__ASSIGNMENT__: Leave out the pictures and restate exactly, and only, the lines from the one that contains "Angry Birds Red" through the final line of the material below.

__SUPPLIED DATA__:
════════════════════

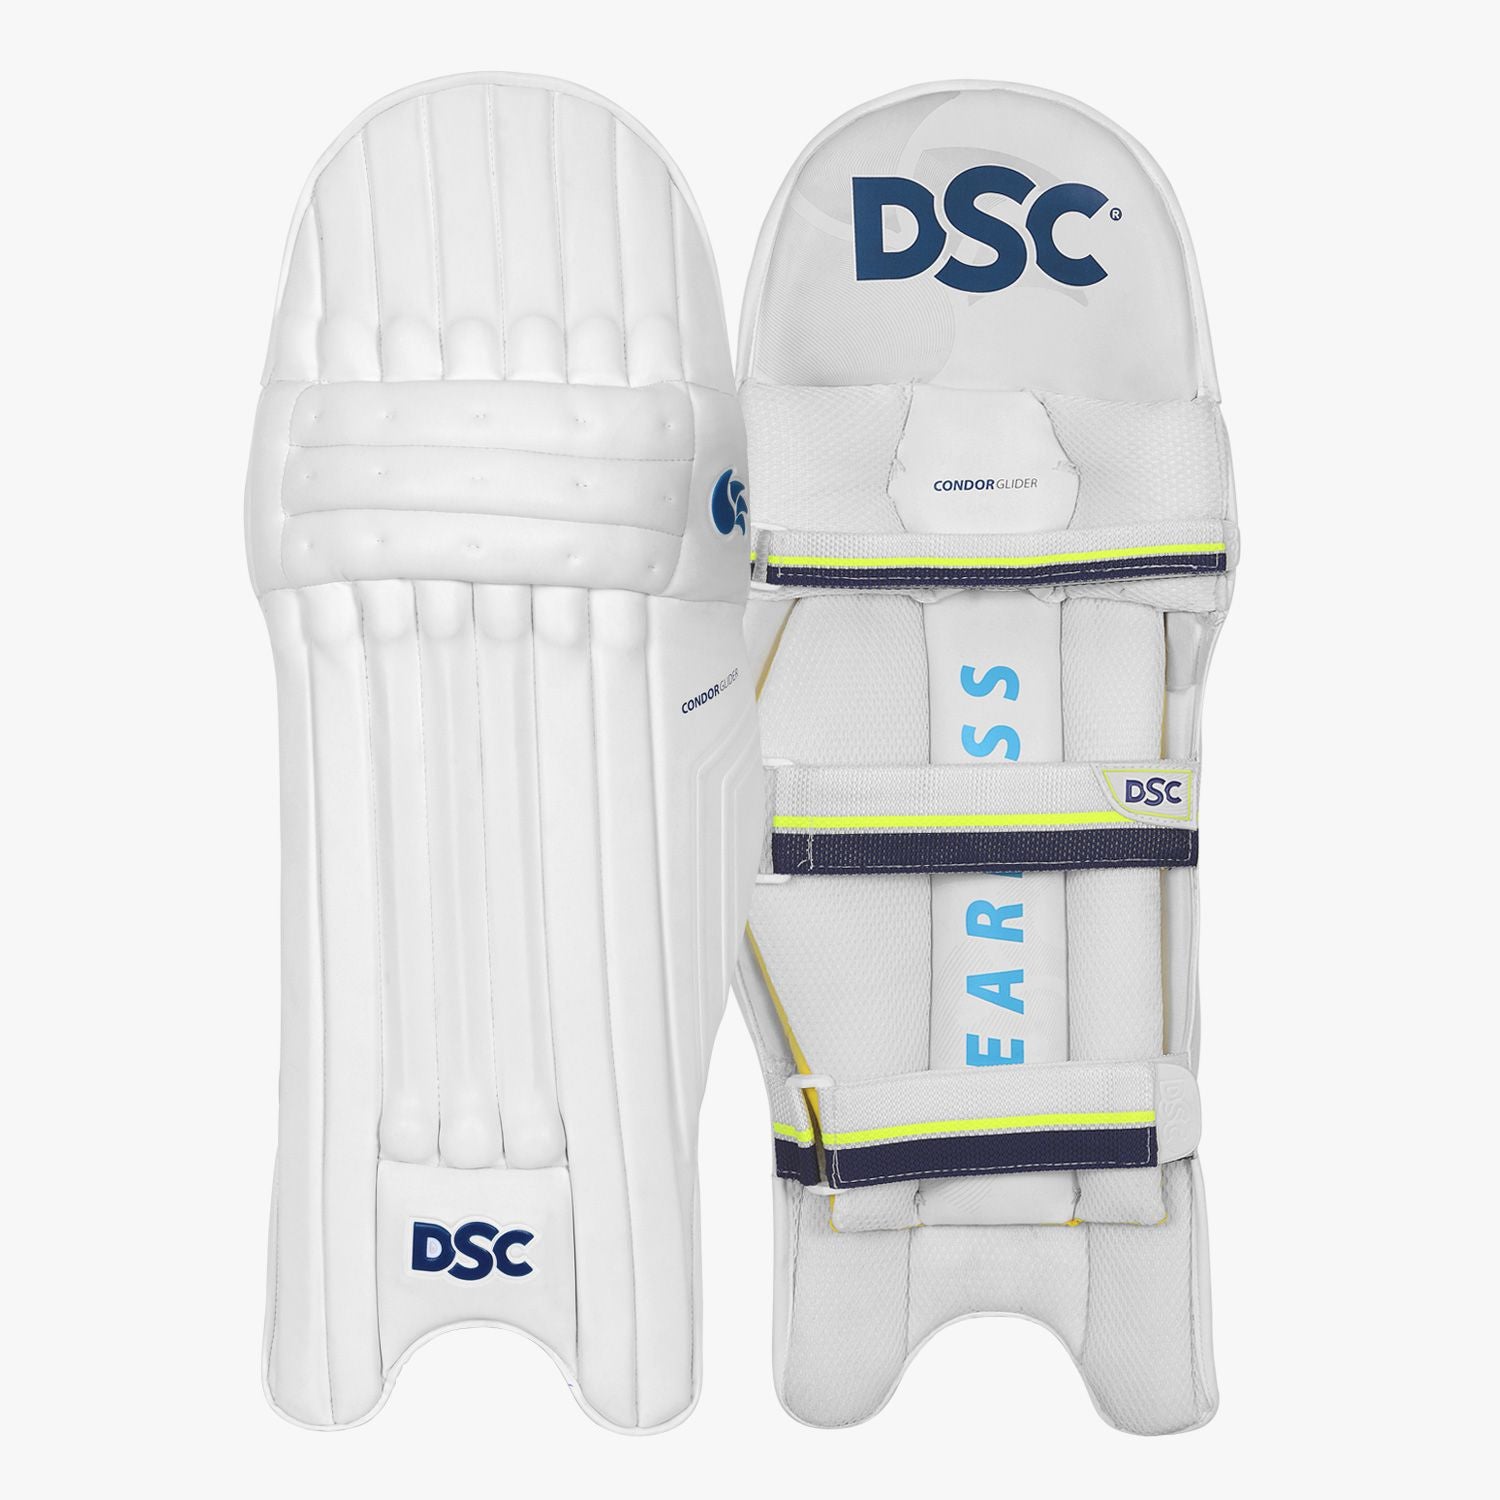 DSC Condor Glider Cricket Batting Leg Guard/Pads
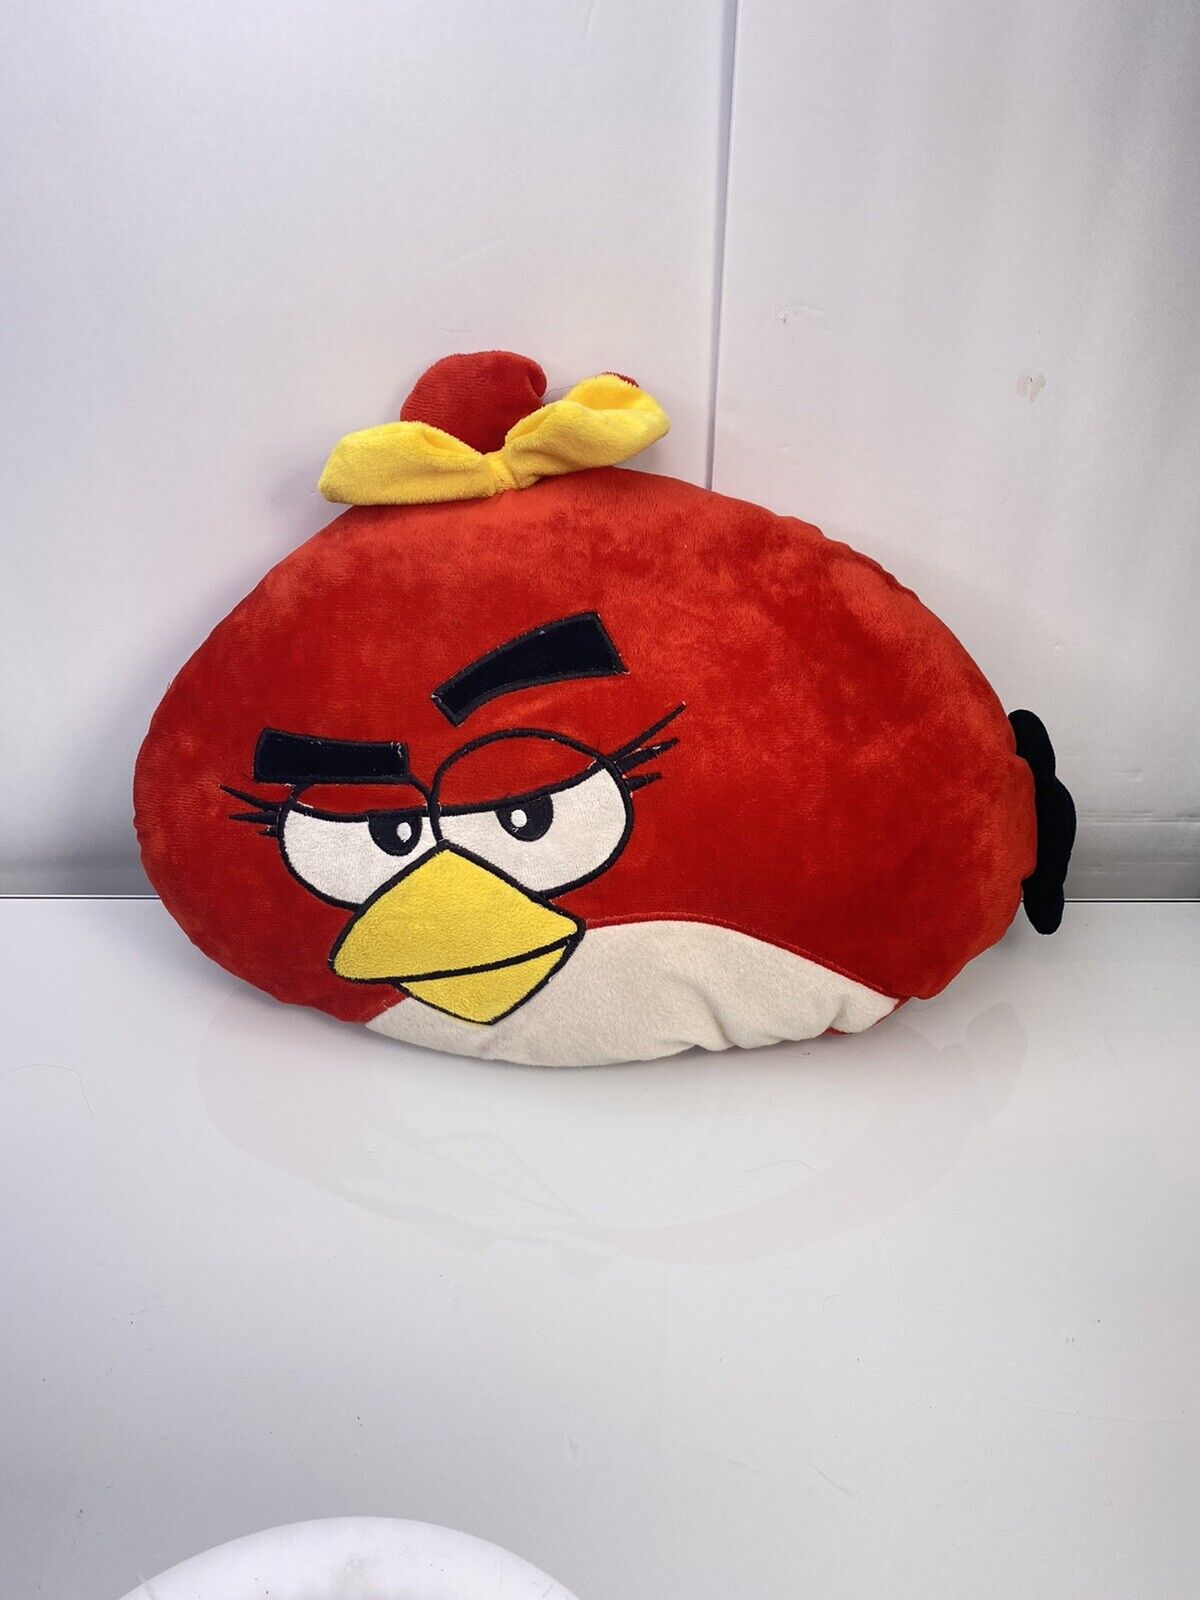 Angry Birds Red Bird Plush Stuffed Animal Pillow Large Character 16” | eBay
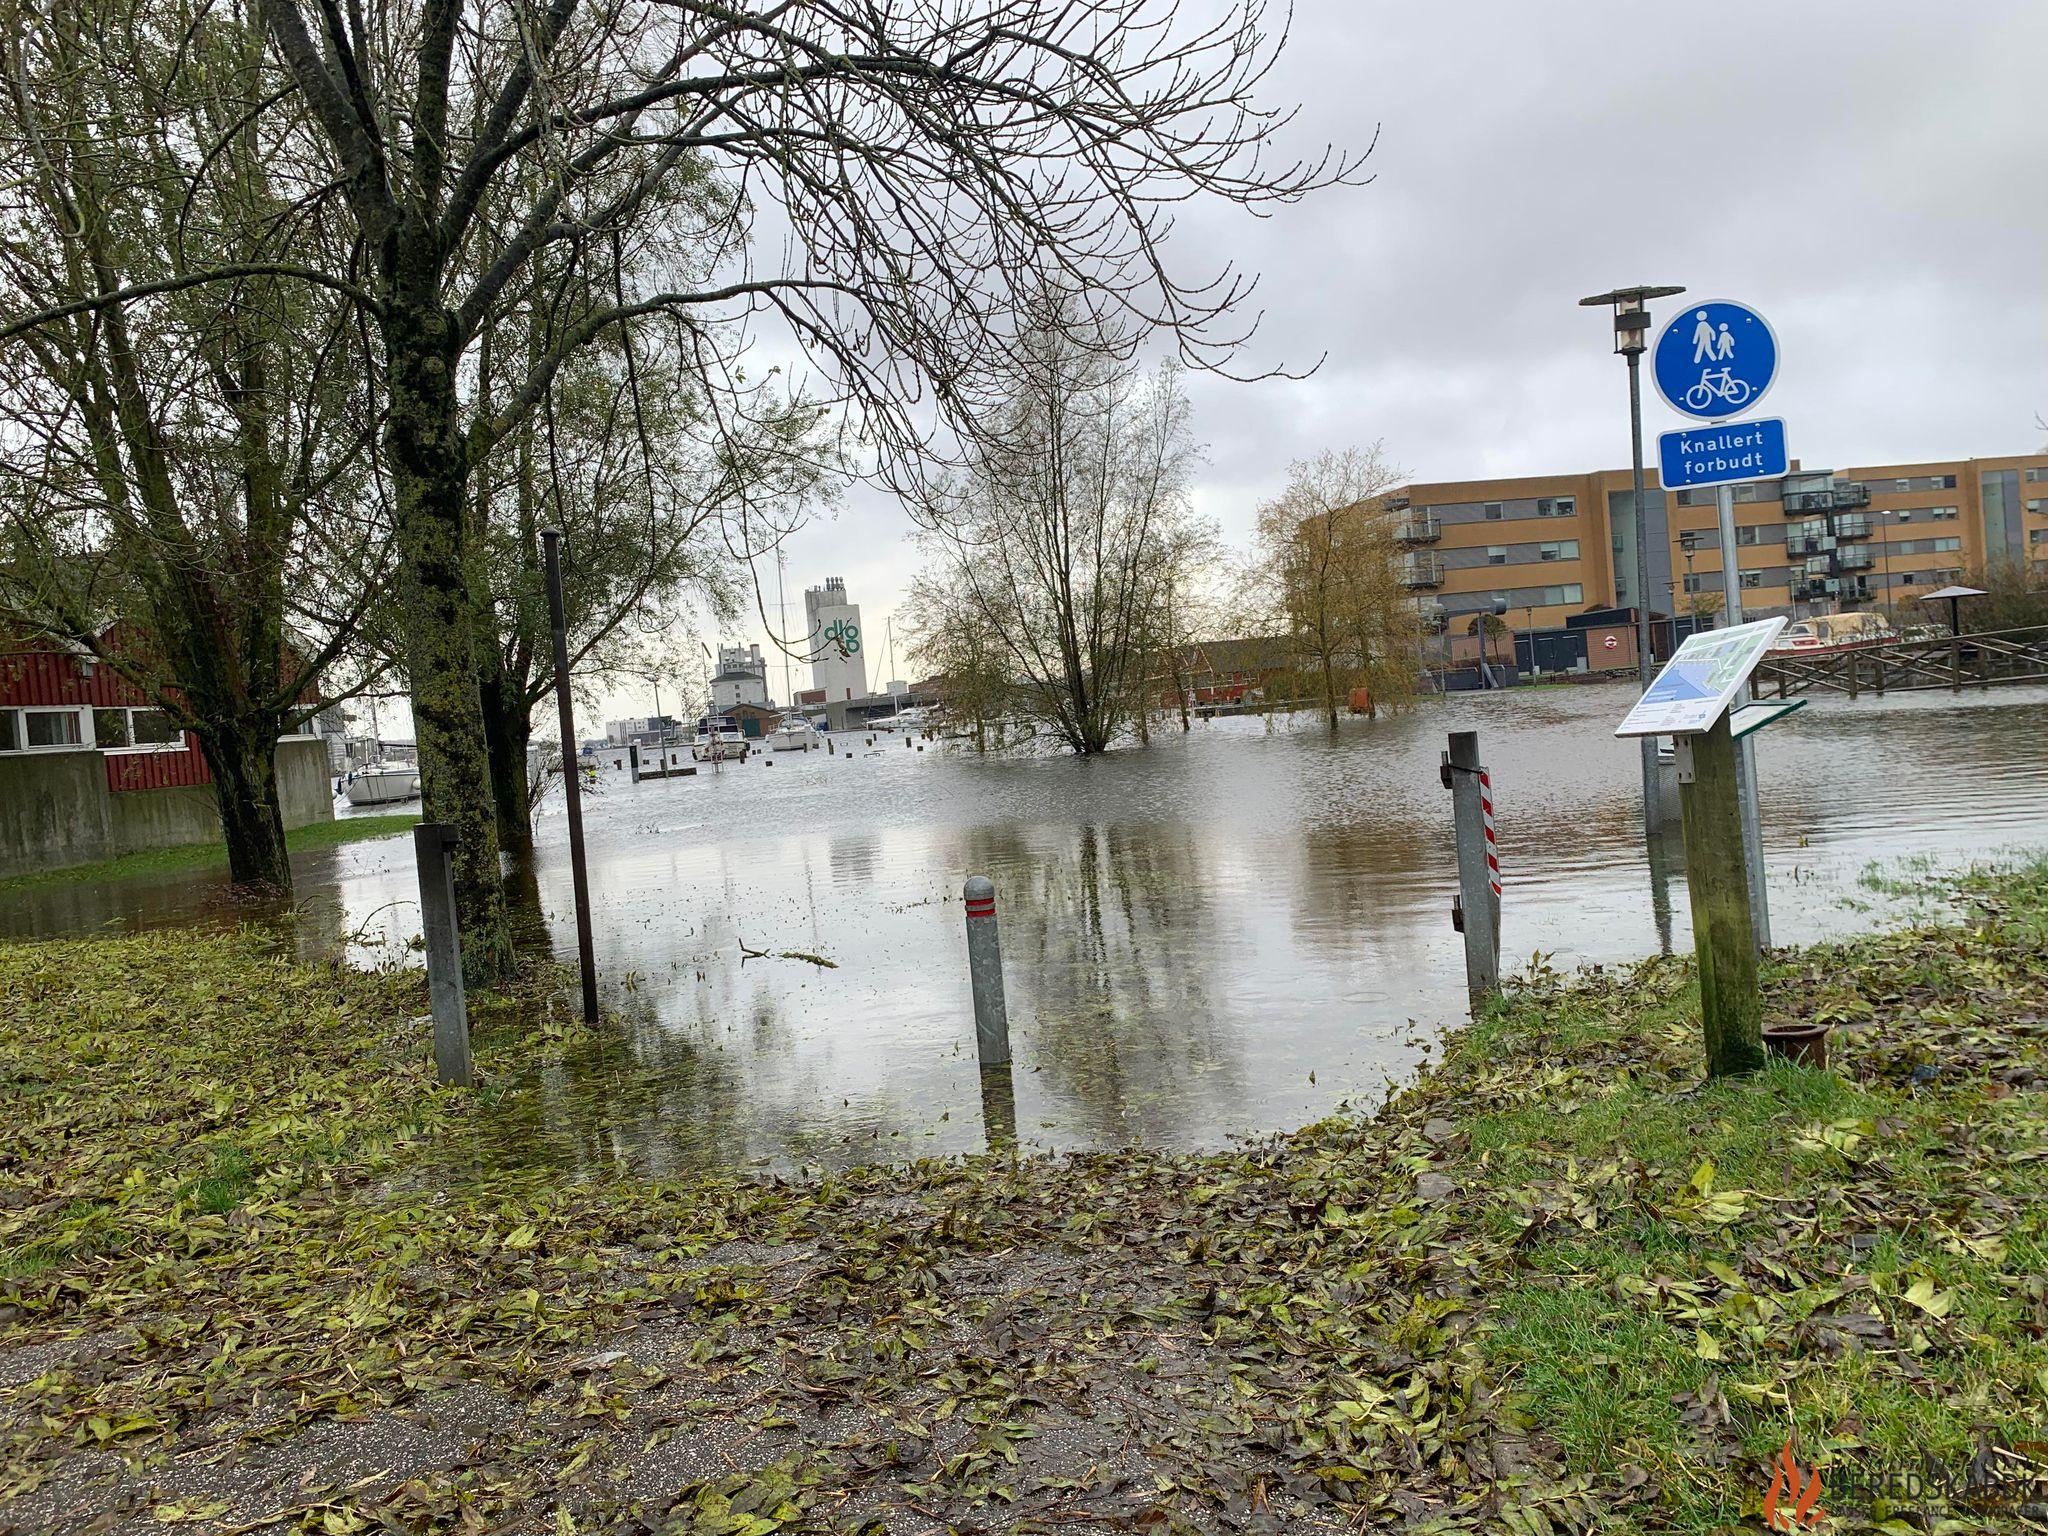 14/11-23 Oversvømmelser i Randers

════════════════════

__RESPONSE TO THE EXERCISE__:
 Angry Birds Red Bird Plush Stuffed Animal Pillow Large Character 16” | eBay
 14/11-23 Oversvømmelser i Randers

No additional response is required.